By default, GladeCore ships with a Llama 3.2 ~1B backbone fine-tuned (via LoRA) on purpose-built emotional/gameplay data. This provides strong conversational quality while staying small enough to run on consumer hardware. And yes, you can swap models. In Unreal Engine for example: 
  • Provide a .gguf model file and a chat template.
  • In Unreal, set your template via CustomChatTemplate (e.g., to use Qwen, Phi, etc.).
Licensing note: If you redistribute Meta Llama models, include the required license/notice files and attributions (e.g., “Built with Llama”) per their terms. If you prefer to avoid those obligations, use another supported model and template.

How much conversation context can AI NPCs keep?

Typical configs run 2,048 to 4,096 tokens of context, which fits ~30 to 60 short turns depending on your system prompt and style. You can raise or lower context to trade quality vs. memory/latency. We also provide world-lore Data Assets for shared knowledge that doesn’t need to sit in the rolling chat buffer.

Will adding more NPCs slow things down?

Not in the usual case. NPCs are data assets (compact .uassets). At runtime, a single local model instance swaps between NPCs as the player engages them. Load times remain negligible even with hundreds of NPCs. If you want simultaneous multi-NPC conversations, that implies multiple concurrent inference contexts (and potentially multiple model instances) which is possible but not recommended for most targets due to performance costs.

Setup & Compatibility

What engines, platforms, and UE versions are supported?

Unreal Engine: Versions 5.2 to 5.6 (Windows target & dev platforms today) Unity: In progress; we’re aligning feature parity with our UE SDK. Targets: PC is first-class. Mobile/console are achievable with smaller models/quantization and context tuning; this is in progress with our Unity development. 

How does GladeCore impact game performance?

With our model you can actually keep FPS solid while killing API costs. Our build runs a ~1B-param model under ~2 GB RAM at 4-bit/8-bit mixes. That’s well within budgets on PC and current consoles, and it’s under what big mobile titles reserve on modern phones. We also offload layers onto the GPU and CPU to split the work. Inference runs on low-priority/async queues so the renderer isn’t starved. Another key issue using frontier models / cloud infrastructure is pure latency. Even fast cloud endpoints can add hundreds of ms at busy times. Of course, it depends on what you are using it for but for things like dialogue, latency is especially important.
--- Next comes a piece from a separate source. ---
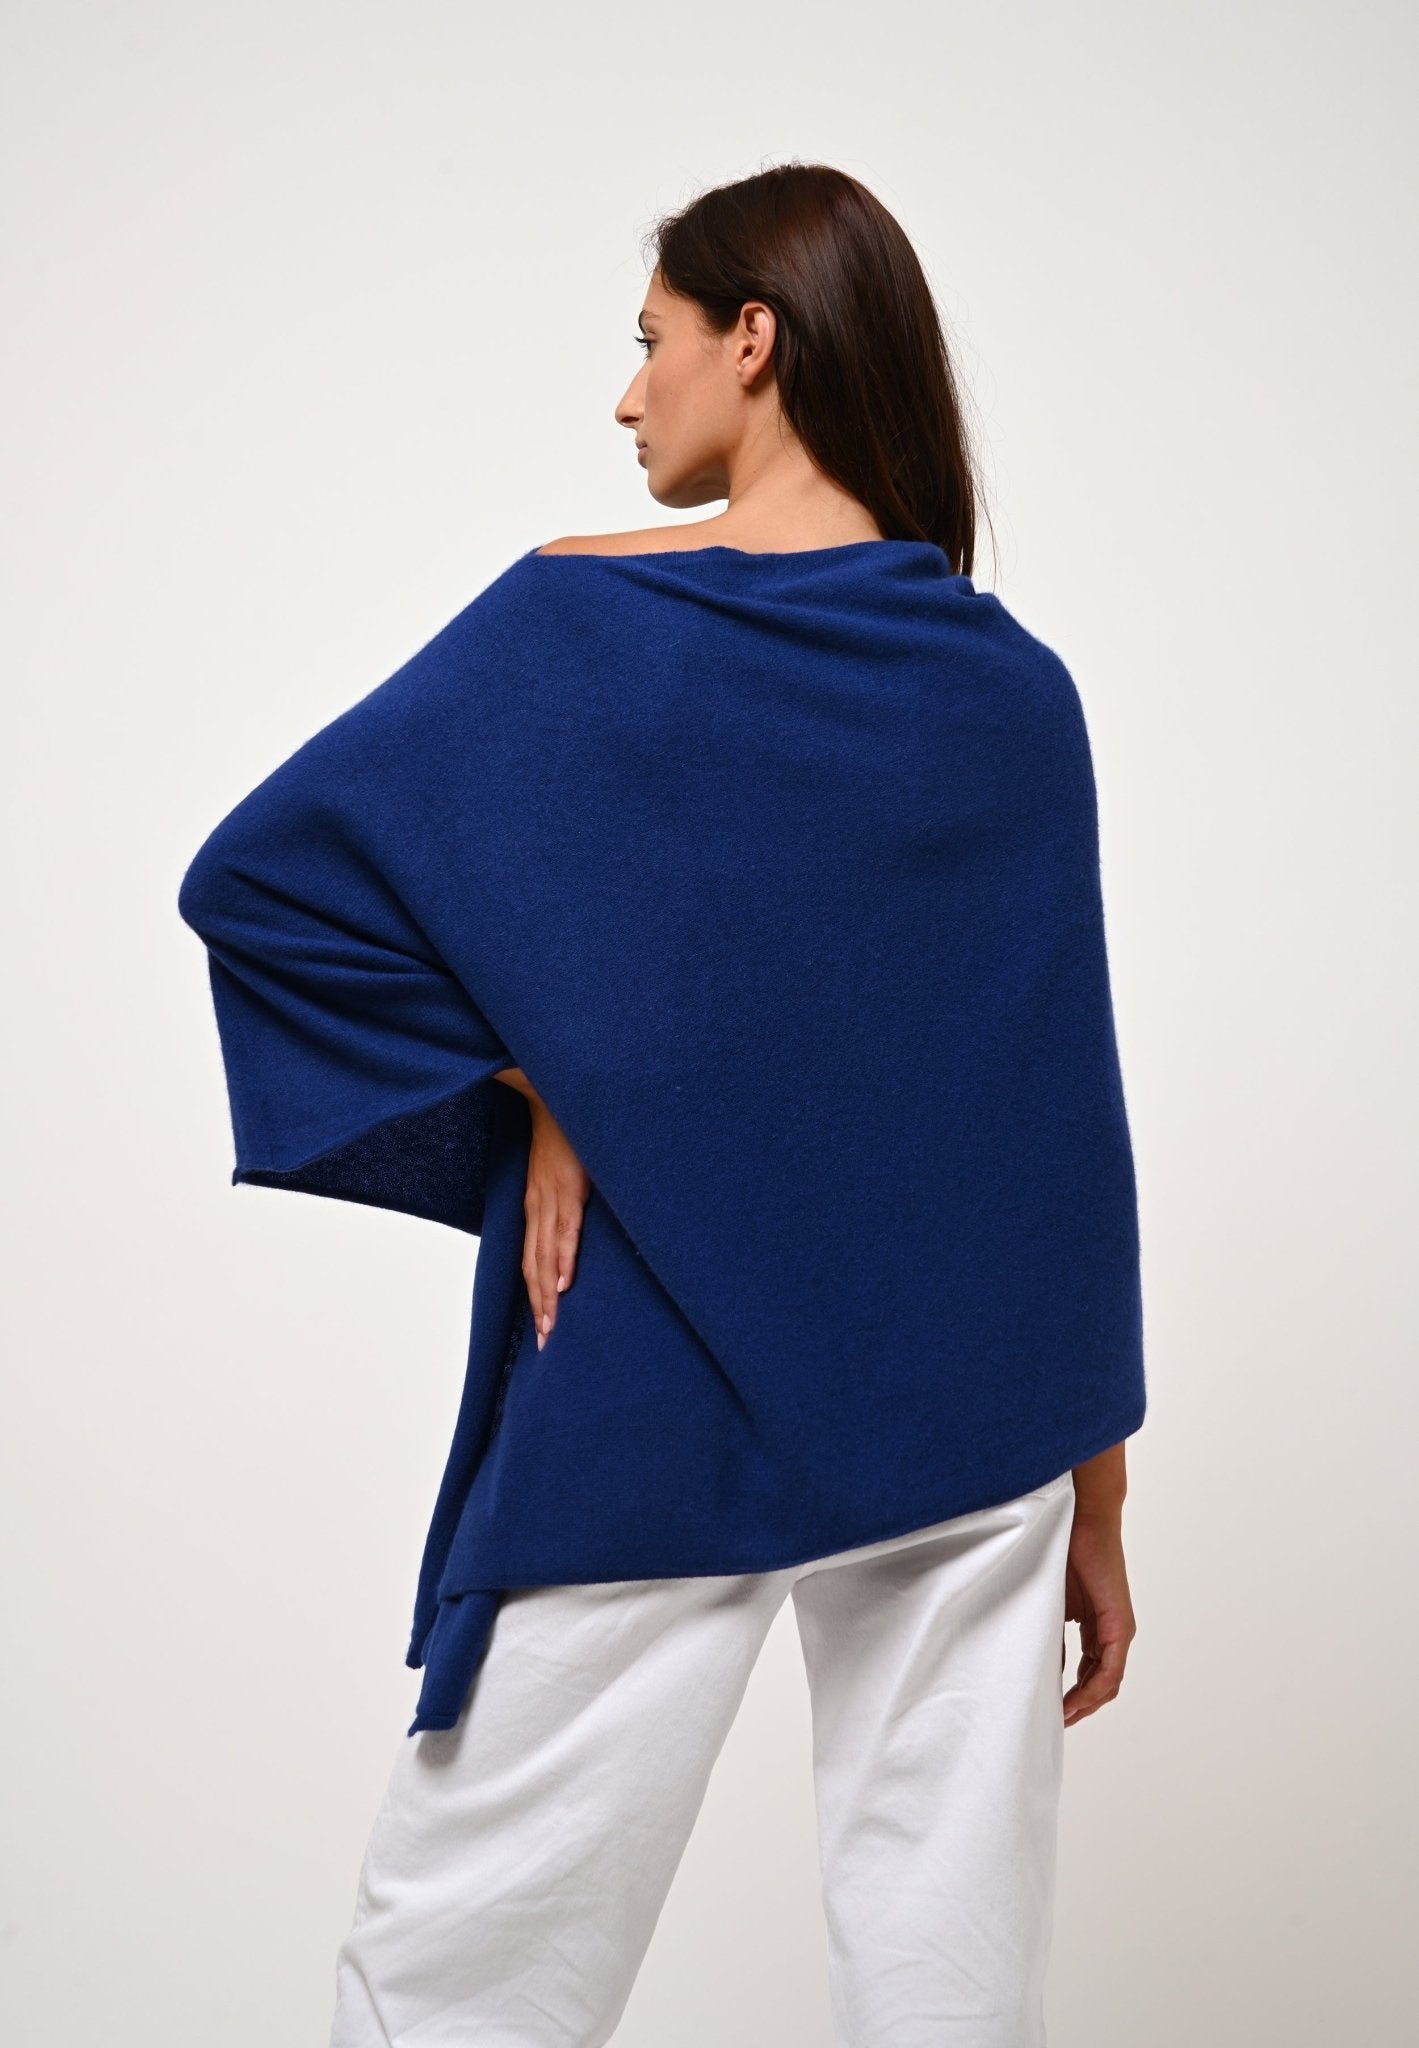 CARRA poncho outremer 100% cachemire

Does GladeCore work offline?

Yes. Everything (LLM + optional STT/TTS) can run fully offline. You can also mix: e.g., local LLM + cloud TTS (ElevenLabs) or vice versa.

What speech options are available?

STT (Speech-to-Text): Multilingual, on-device model by default. TTS (Text-to-Speech): Local Piper voices or ElevenLabs API. You can switch per-NPC or per-platform.

Common Bugs (Unreal Engine)

Plugin GladeCore failed to load because module GladeCore could not be loaded?

By following all the steps on our documentation, this error should not pop up: https://docs.gladecore.com/unreal/installation Fix this error by checking the following: 
  • Make sure the Project you are integrating GladeCore in is a C++ Project
  • Make sure to copy the downloaded plugin into your project directory’s Plugins folder (if there is no Plugins folder yet, make one). Then rename the copied folder to GladeCore, so your folder structure should be, for example: MyProject/Plugins/GladeCore. After you do this, also delete your project’s Binaries and Intermediate folder and rebuild. 
  • Your default source code is set to an IDE that is supported by Unreal Engine (such as Visual Studio or JetBrains Rider), not Visual Studio Code 
On newer UE versions, disable NNE plugins when prompted. Metahuman Creator/editor plugins can sometimes conflict - disable runtime-editor creators you don’t need in-project.